Or maybe they just can’t compete with huge multinational corporations who can easily afford to carry a loss at a few of their stores. An independent business owner doesn’t have that luxury, especially in an area where potential profit margins are so slim to begin with.

It’s not about “socialism” — it’s about leveling the playing field and reducing obstacles for local businesses who, unlike Big Food, actually have a stake in the local community. As such, this is a fundamentally *conservative* idea, because isn’t Main Street USA part of what we collectively pine for? And on Main Street USA, there aren’t very many McDonalds restaurants. Instead, it is lined with local businesses owned by local merchants who, instead of sourcing their materials from, and sending their profits to, far-away corporate offices, will plow their revenues right back into the local economy.

Relying on McDonalds and Yum! Brands as a long-term economic redevelopment strategy is not a recipe for success. Encouraging local people to go into business for themselves just might be.

Aug 13, 2008 - 10:35 am 9. Daerken D Duck:

”You Have A Duty To Be Healthy. Health Is Not A Private Matter. Your Body Belongs To The State.” – the Hitler Youth No smoking pledge

Aug 13, 2008 - 11:03 am 10. pch1013:

“”You Have A Duty To Keep Your Baby. Abortion Is Not A Private Matter. Your Uterus Belongs To The State.” – the Pro-Life pledge”

There, I fixed it for you.

Aug 13, 2008 - 11:27 am 11. david levavi:

Goy:
Right on shaigetz. What’s important is for all of us to get past foaming at the mouth anger and frustration and see what can be done to stop these wonkish do-gooders from ruining our lives and the lives of our children.

In MA it’s health care. In New York, once known as the city that never sleeps, we have a mayor who takes his pills with soy milk and goes to sleep at eight. Ray Charles’ or Billy Joel’s New York State of Mind is alien to hizzoner.

That sold by wealthy, ambitious, socialists today as prudence and health was once sold as prudence and religion. The goods for sale, then as now, is Temperance.

If we all take care to maintain ourselves in optimal health, we can afford universal health coverage. Don’t we owe it to ourselves as well as to all Americans?

Aint it the righteous and patriotic thing to do? Can’t we all get along? So goes the seamless logic of the high-minded.

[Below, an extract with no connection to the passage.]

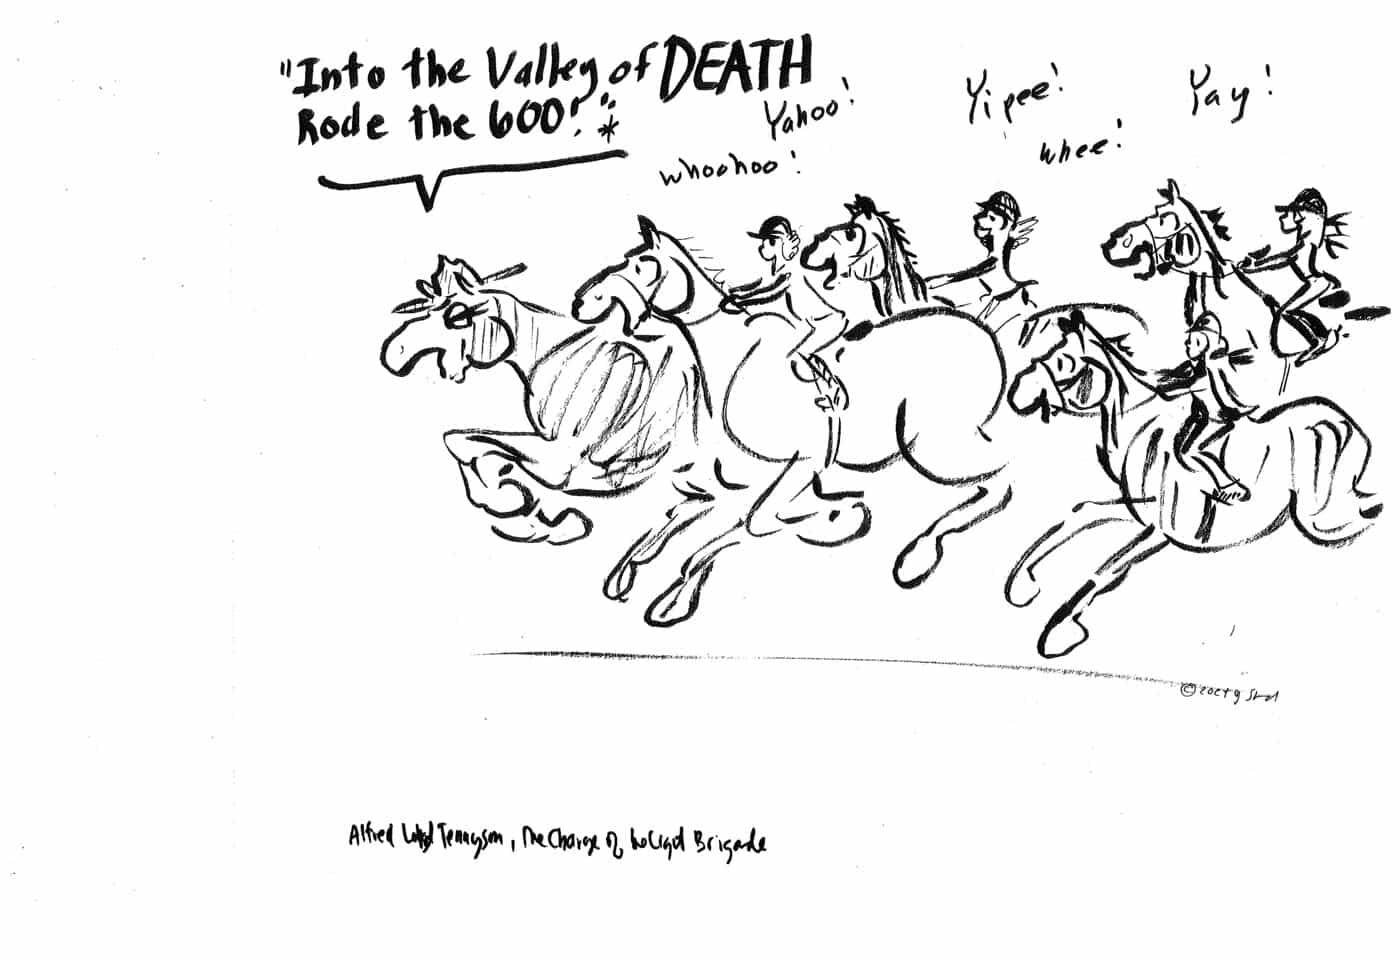 Happy Valley Riding School cartoon thumbnail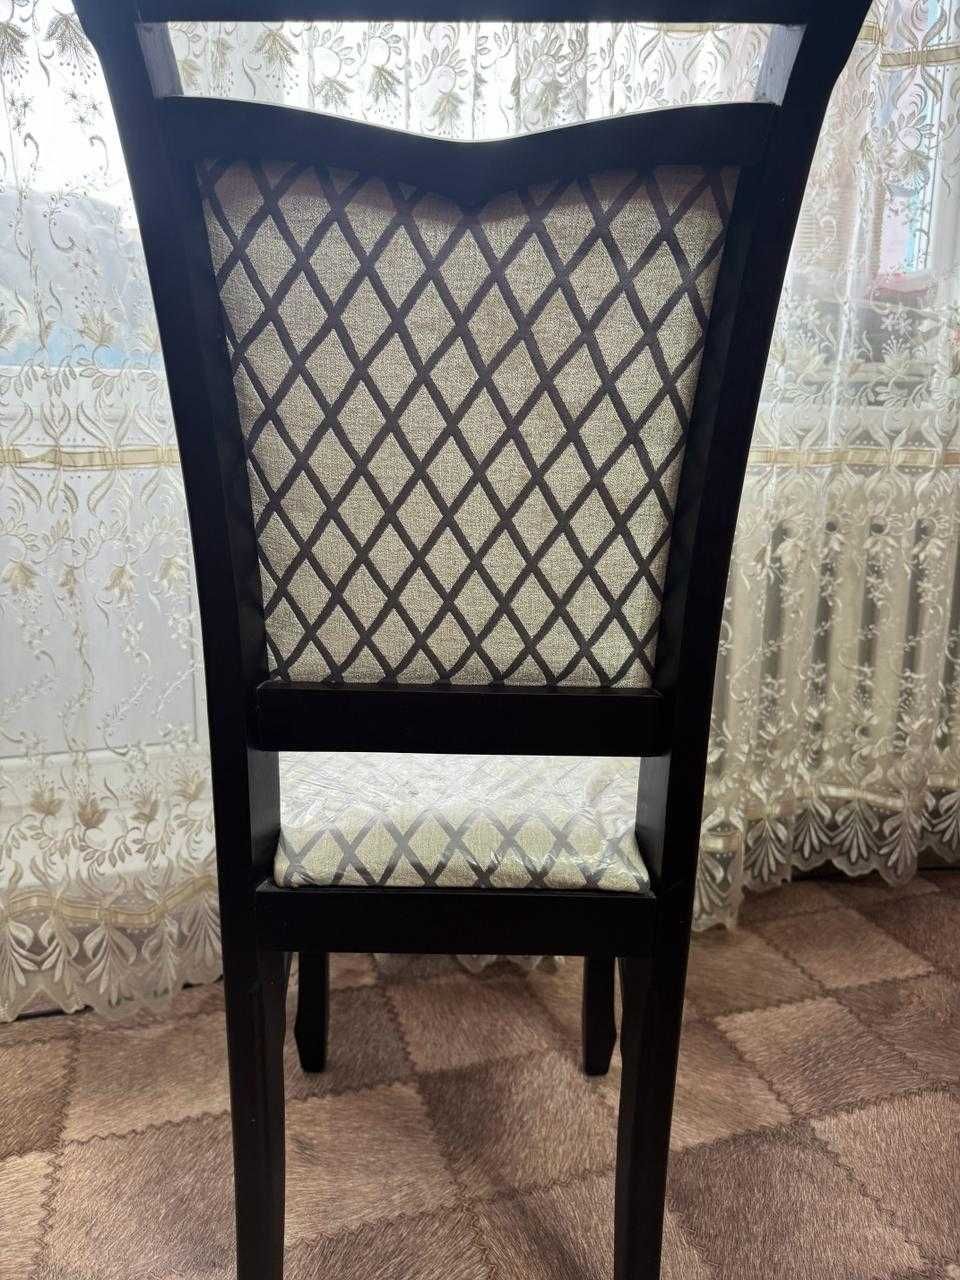 Стол со стульями

Those who support healthy humanity by government fiat genuinely believe in their cause. The utterly corrupt schnorrer we have for mayor here in NYC genuinely believes himself righteous.

Bloomers has never celebrated or sulked in a bar but sheesh willikers, he won’t have anyone sickened by second-hand smoke inhaled there. He wouldn’t think of eating fast food but by golly, he’ll see that no underprivileged New Yorker is poisoned by transfats. He doesn’t sit anywhere in a car but behind the chauffeur and couldn’t imagine why anyone would enjoy driving, but he has no end of ideas about midtown tolls and mass transportation which he never uses.

Superwealthy liberal politicians are America’s handcart too socialist hell.

Aug 13, 2008 - 12:30 pm 12. mike:

Anyone who says “this is about leveling the playing field” for mom and pop stores isn’t paying attention. This is not about helping smaller business. LA isn’t interested. Any big fish or vegetarian restaurant could move in if it wants to. Why is it hard to believe what is in the community is what the community wants? Just because your fascist nutritionists don’t like it is irrelevant.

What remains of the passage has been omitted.